There. The boxes were clean. Amanda blew a kiss toward the one that held James’s portrait, made a face at herself, and put away the polishing cloth. She stepped out the door onto the porch.
The river was a sheet of glare in the morning sun, a boat on its surface almost invisible. The lawn shone emerald green. Amanda could actually smell the heat, a combination of warm grass and stone and a distant whiff of fish. July in Virginia was bright, no doubt about it.
Bright daylight. James had seen the flash of Archibald’s pistol. Even if the battle had been fought on a cloudy day, the flashes of the guns would’ve been invisible. James had been killed at night.
Amanda brought her fist down on the railing. That was it! Archibald had ambushed James in the garden the night before the battle and bundled his body into a makeshift grave. As Balcarres’s aide Archibald would have known the battle was coming—the British had provoked it. All he had to do was act innocent until the regiment was mopping up afterwards, say that James had been killed in action, and trot out the sword.
The scabbard must have been bent when James fell on it. He’d died with his sword in his hand, otherwise it would have been bent, too… . Well, it might be bent, Amanda didn’t know. It was enough that Archibald had taken the sword and left the scabbard. James never said he’d run up the stairs, slashing at the banisters, the morning of Greensprings Farm. It was much more likely the soldiers had moved out the night before. Who would notice the odd pistol shot in the dark when a camp was breaking for battle?

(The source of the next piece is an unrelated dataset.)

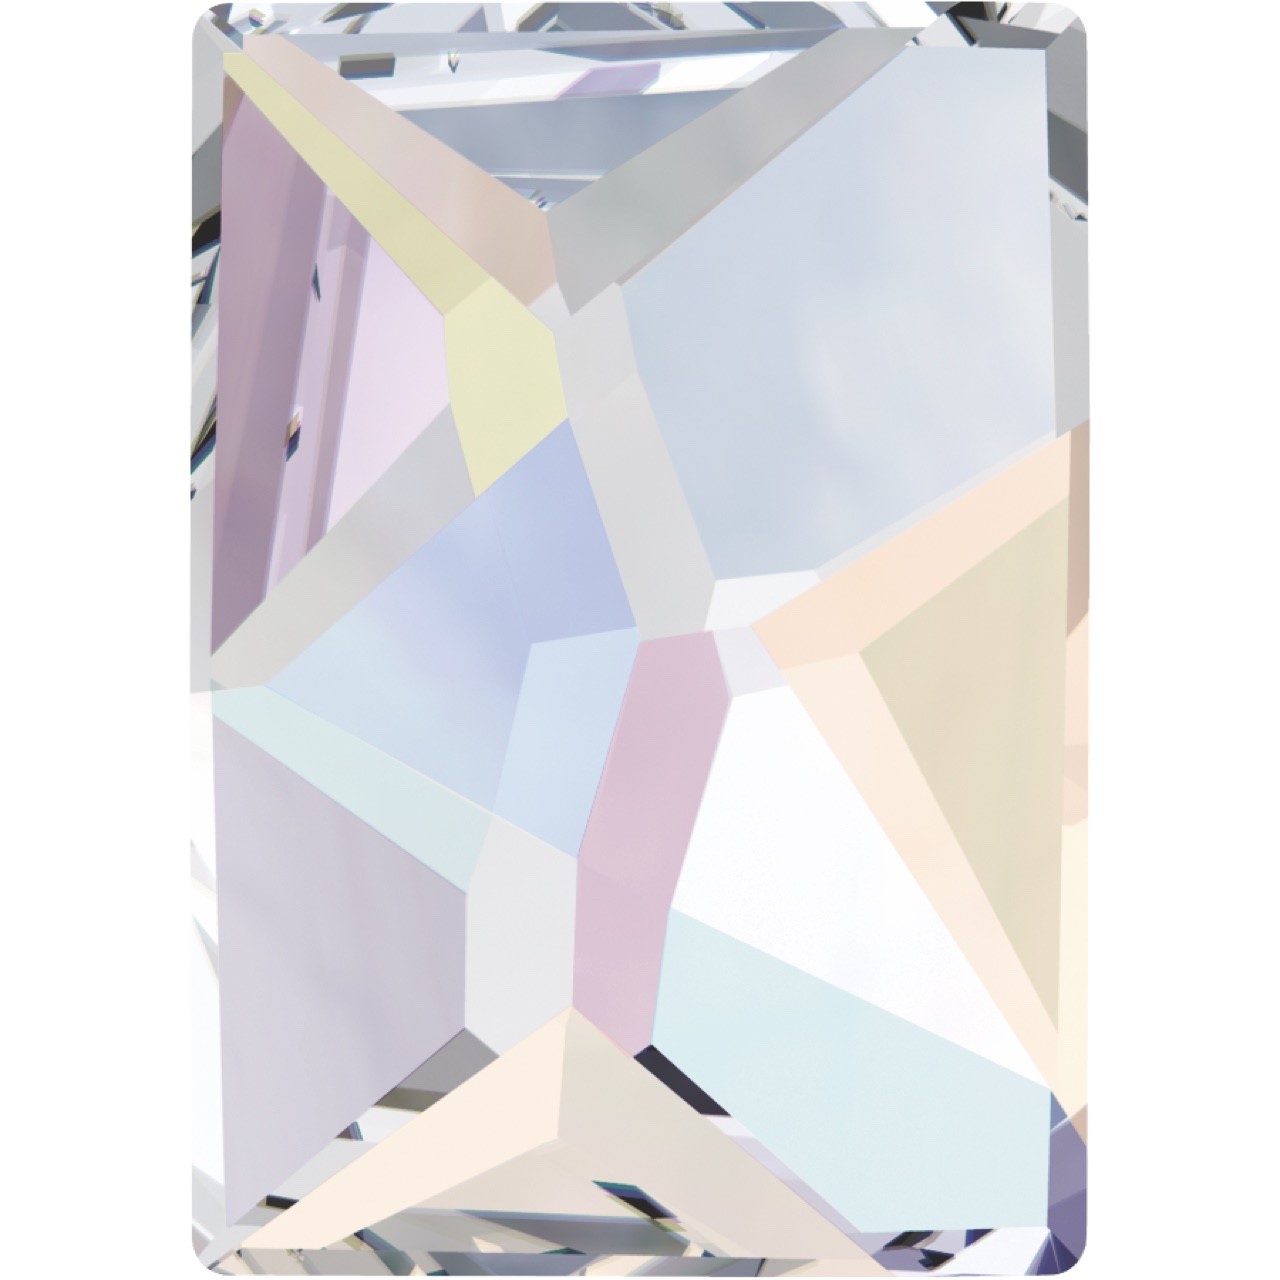 Rhinestone - Crystal AB Cosmic

With the British troops falling back on Yorktown Balcarres wouldn’t have had time to ask questions or view the body, even if he’d doubted Archibald’s word. And why should he? It showed what respect the Colonel had had for James’s family, if not for the man himself, that he’d taken the time to write—or at least dictate—the letter.

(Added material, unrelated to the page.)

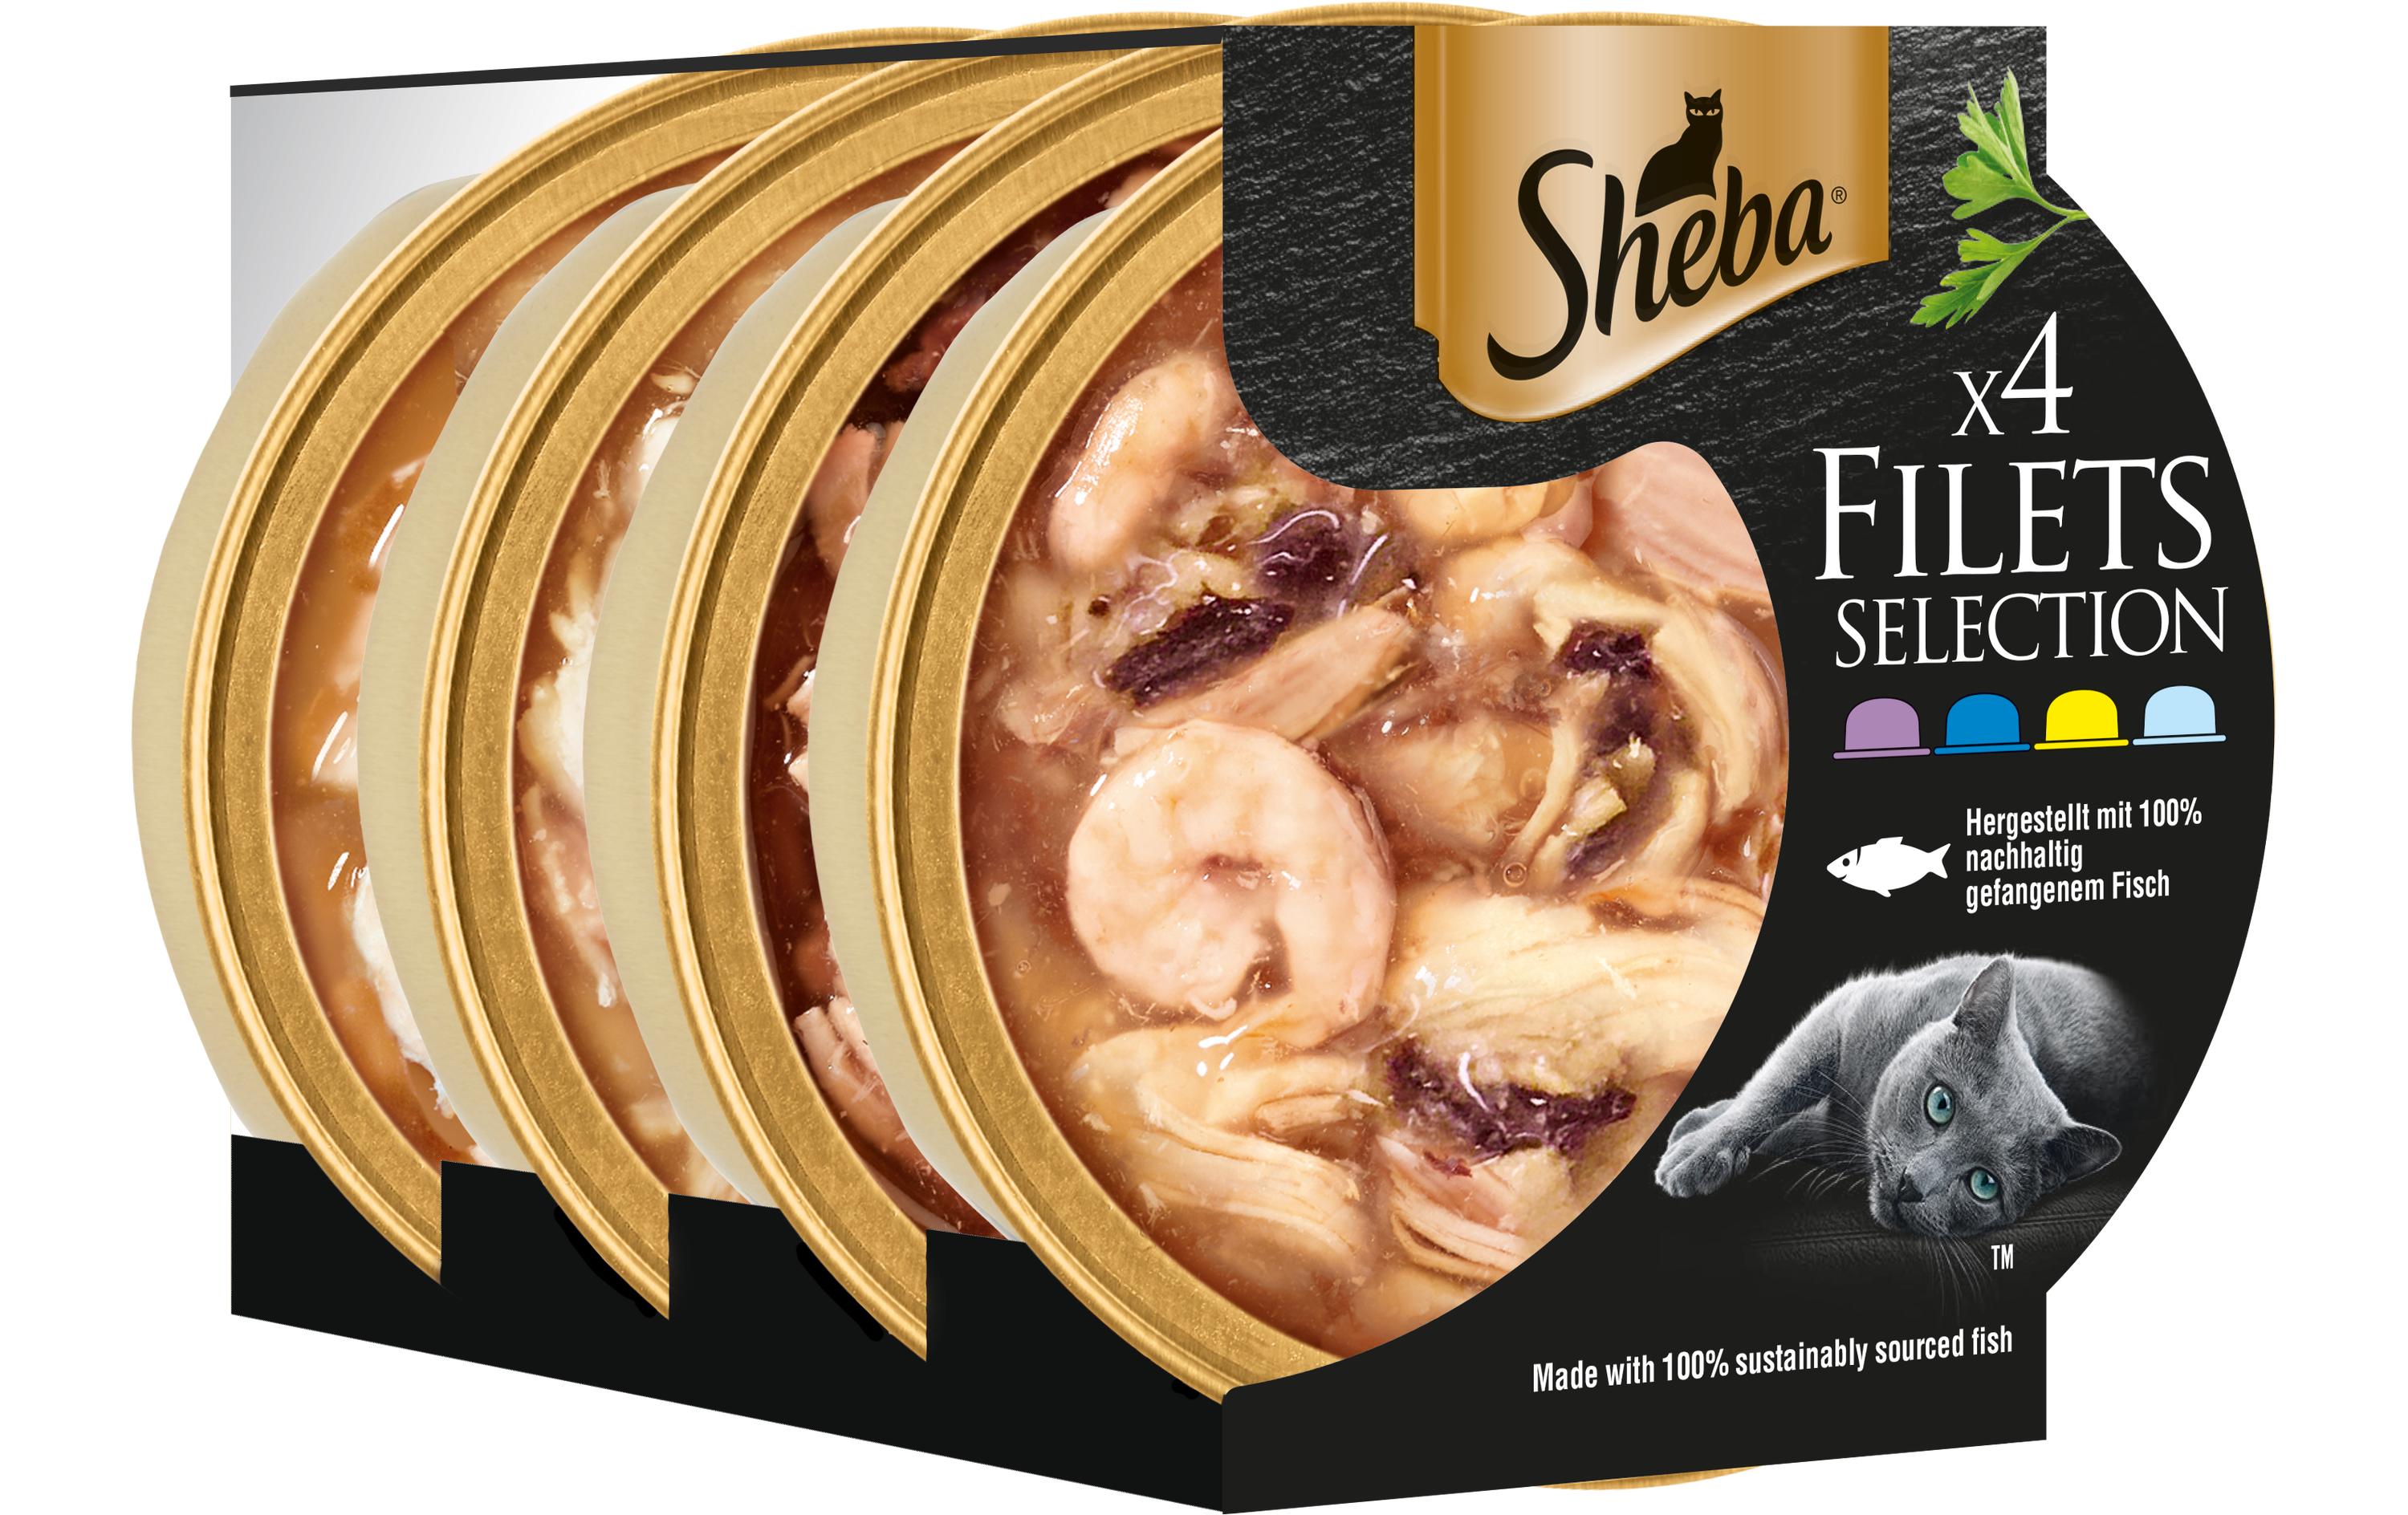 Sheba Katzen-Snack Filets Selection, 4 x 60 g

Maybe, in one final excruciating irony, he’d dictated the letter to Archibald.
Amanda pirouetted up and down the steps feeling like a Jeopardy grand champion. Not only did her theory fit all the facts, it could pretty much be extrapolated from the physical and written evidence. She could tell Carrie about it without giving away anything she’d learned from James personally.
She stopped, winded. And what James wanted, personally, was revenge. Although Archibald Grant was beyond the reach of any earthly jury. Surely, in the afterlife, he’d been turned away from the Pearly Gates and appropriately judged—vengeance being His, sayeth the Lord. But that wasn’t enough for James. Even at this late date he could achieve something symbolic by revealing the truth. And that was where Amanda came in.
A bus rumbled into the parking lot, accompanied by the slamming of car doors. Quickly she settled her cap, opened her fan, and stood ready.
Wayne came hobbling along the path, leaning on an elegant walking stick, nursed along by Carrie. “Good morning!” he shouted to Amanda. “I’m back!”
“How are you feeling?” Amanda called.
“Fine, just fine, no prob …” He slipped on the gravel and grabbed Carrie’s arm.
Between them the two women managed to get him up the steps. “You go and sit in the library,” Carrie told him. “We’ll send people in to you.”
“Are you sure you can manage?” he asked.
“We’ll try.”
Amanda had Carrie all to herself for two minutes. “What we need to do,” she told her, “is get hold of Lady Norah and The Honorable Malcolm and ask for more information. I tried looking them up on the Internet, but you can imagine how many Grants there are in Scotland.”
“You searched for the word ‘Dundreggan’, of course.”
“Yeah, and I came up with a company called Preservation Imaging, Ltd. The address is Dundreggan by Glenmoriston, which is the right place. But, you know, Cynthia’s never said the Grants are still living there. If Lord Dundreggan died and Lady Norah had to sell off some heirlooms, why not the ancestral lands as well? It happens all the time, what with taxes and death duties and everything. There’re clan chiefs living in apartments in Poughkeepsie.”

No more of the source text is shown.